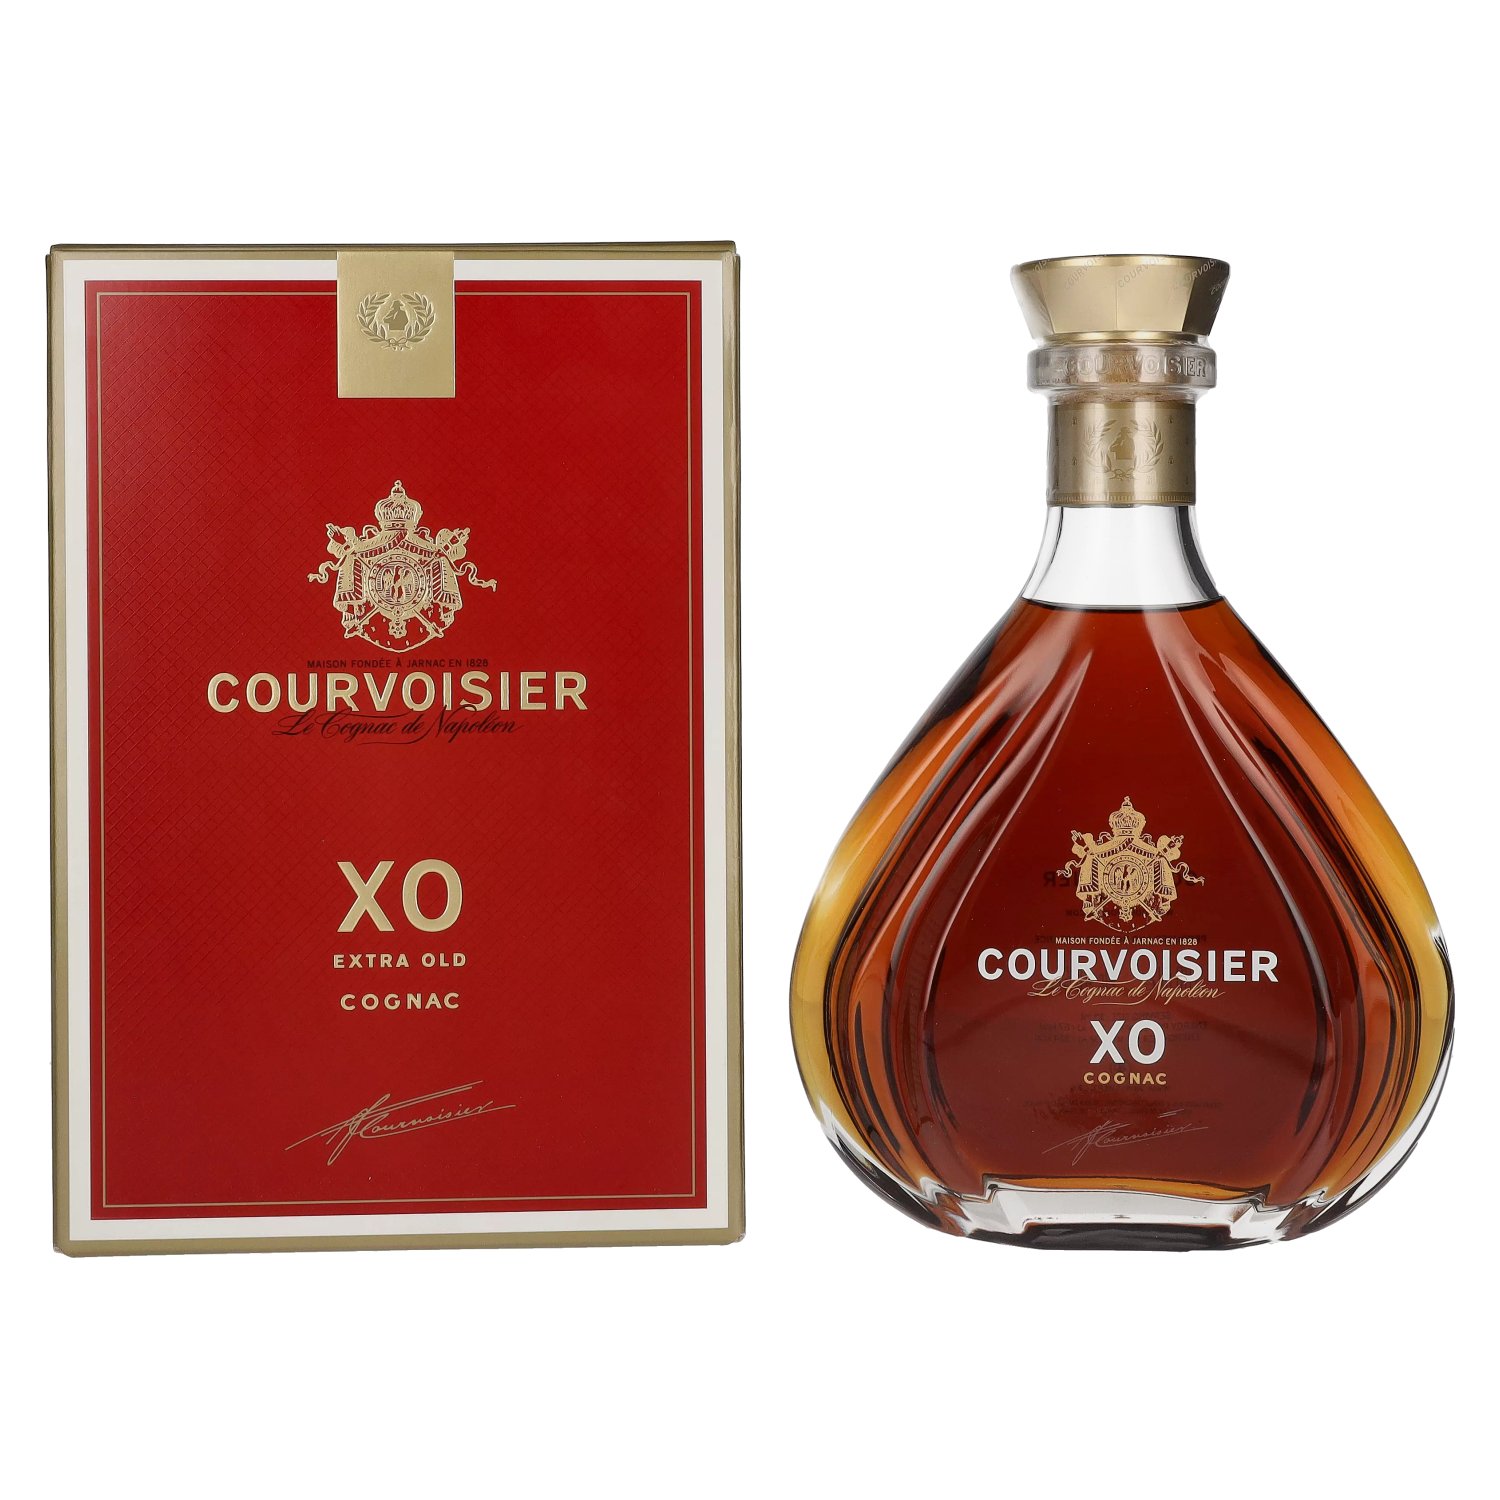 Le rhum Zacapa XO : le Cognac des rhums
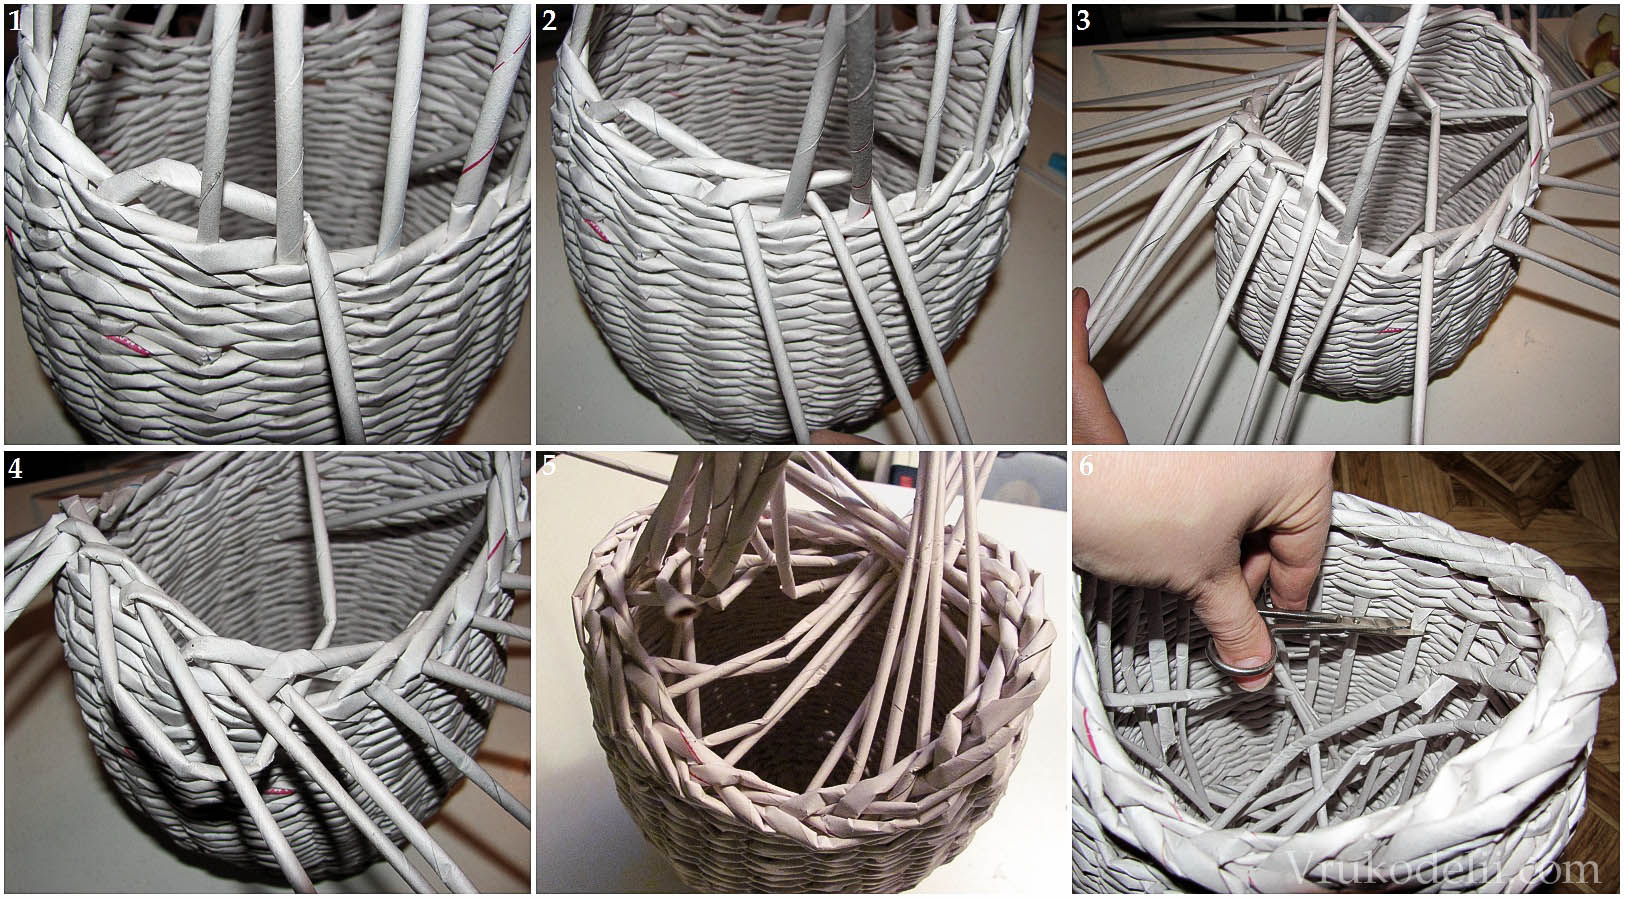 Плетение ваз из газетных трубочек: узоры, схемы, описание, мастер класс, фото
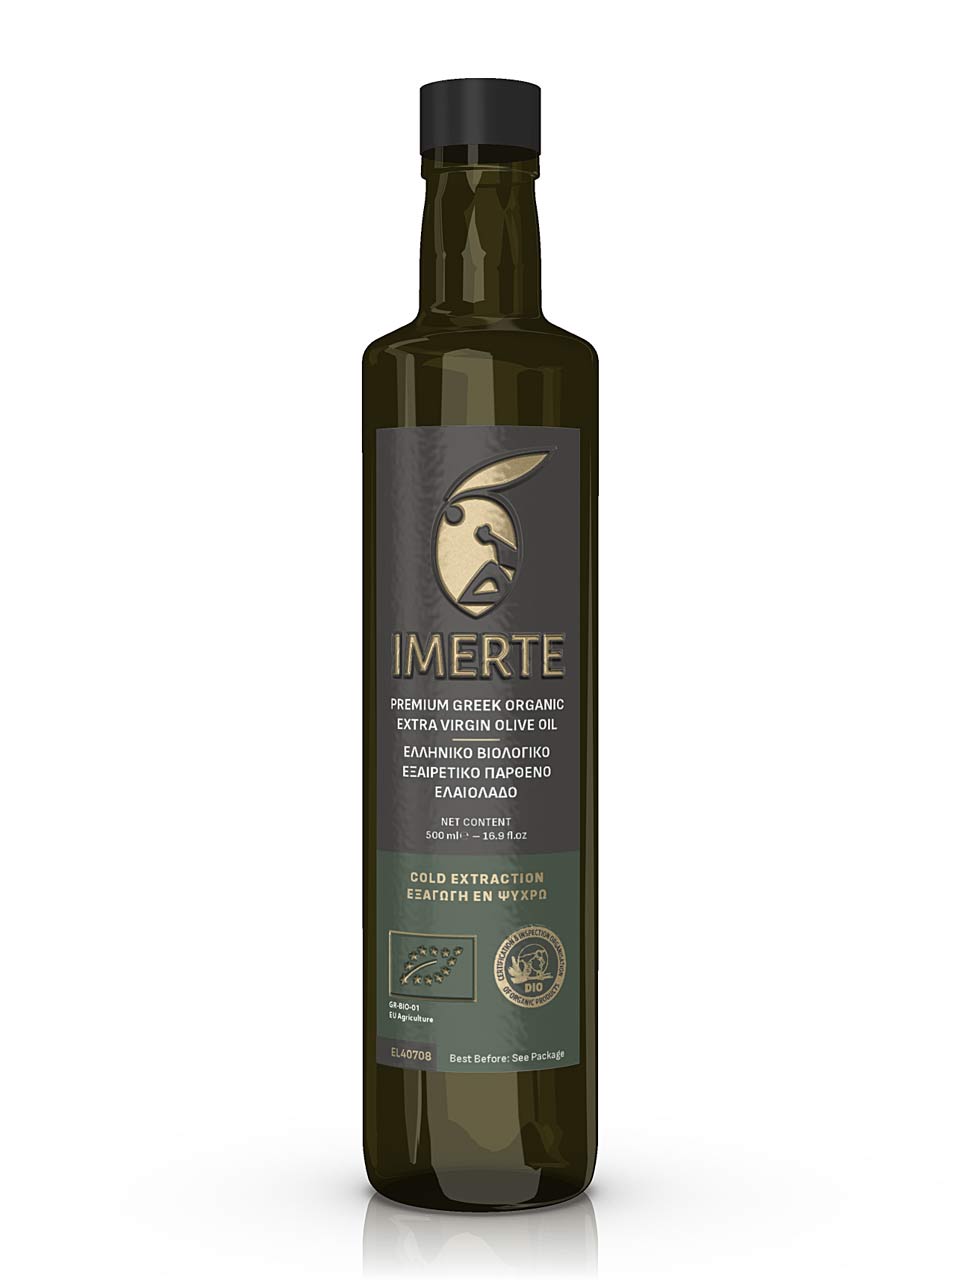 Bio Organic Olive Oil Label Design. NO IDEA. Branding Graphic Design Agency

Problem statement:
Print the listing again exactly as it appears, except for the pictures, which stay out.

Task result:
 Le rhum Zacapa XO : le Cognac des rhums
 Плетение ваз из газетных трубочек: узоры, схемы, описание, мастер класс, фото
 Bio Organic Olive Oil Label Design. NO IDEA. Branding Graphic Design Agency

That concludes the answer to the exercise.